Plaintiff is notified that this Proposed Findings and Recommendation is hereby FILED, and a copy will be submitted to the Honorable John T. Copenhaver, Jr., Senior United States District Judge. Pursuant to the provisions of Title 28, United States Code, Section 636(b)(1)(B), and Rules 6(d) and 72(b), Federal Rules of Civil Procedure, the parties shall have fourteen days (filing of objections) and three days (mailing) from the date of filing this Proposed Findings and Recommendation within which to file with the Clerk of this Court, specific written objections, identifying the portions of the Proposed Findings and Recommendation to which objection is made, and the basis of such objection.

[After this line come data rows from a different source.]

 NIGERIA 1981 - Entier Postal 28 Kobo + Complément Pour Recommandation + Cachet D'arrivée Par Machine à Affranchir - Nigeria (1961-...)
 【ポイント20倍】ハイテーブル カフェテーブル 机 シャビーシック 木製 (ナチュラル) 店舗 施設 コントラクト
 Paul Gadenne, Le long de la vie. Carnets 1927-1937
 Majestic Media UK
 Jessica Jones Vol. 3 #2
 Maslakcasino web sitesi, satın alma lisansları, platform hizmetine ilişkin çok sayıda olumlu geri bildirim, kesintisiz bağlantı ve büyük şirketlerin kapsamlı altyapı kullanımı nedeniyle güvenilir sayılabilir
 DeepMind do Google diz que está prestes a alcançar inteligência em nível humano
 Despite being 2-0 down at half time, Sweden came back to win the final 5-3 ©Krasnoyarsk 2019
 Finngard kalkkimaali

Extension of this time period may be granted by the presiding District Judge for good cause shown.
Failure to file written objections as set forth above shall constitute a waiver of de novo review by the District Court and a waiver of appellate review by the Circuit Court of Appeals. Snyder v. Ridenour, 889 F.2d 1363 (4th Cir. 1989); Thomas v. Arn, 474 U.S. 140 (1985); Wright v. Collins, 766 F.2d 841 (4th Cir. 1985); United States v. Schronce, 727 F.2d 91 (4th Cir. 1984). Copies of such objections shall be provided to Judge Copenhaver.
The Clerk is directed to file this Proposed Findings and Recommendation and to mail a copy of the same to the Plaintiff at the following address: 105 Truman Street, Beckley, WV 25801.
Plaintiff's address is listed as the South Central Regional Jail. He was subsequently transferred to other correctional facilities and has since been released on parole. Although he failed to advise the court of any changes in his contact information, the undersigned's staff contacted his parole officer and obtained his current address to mail this document to him.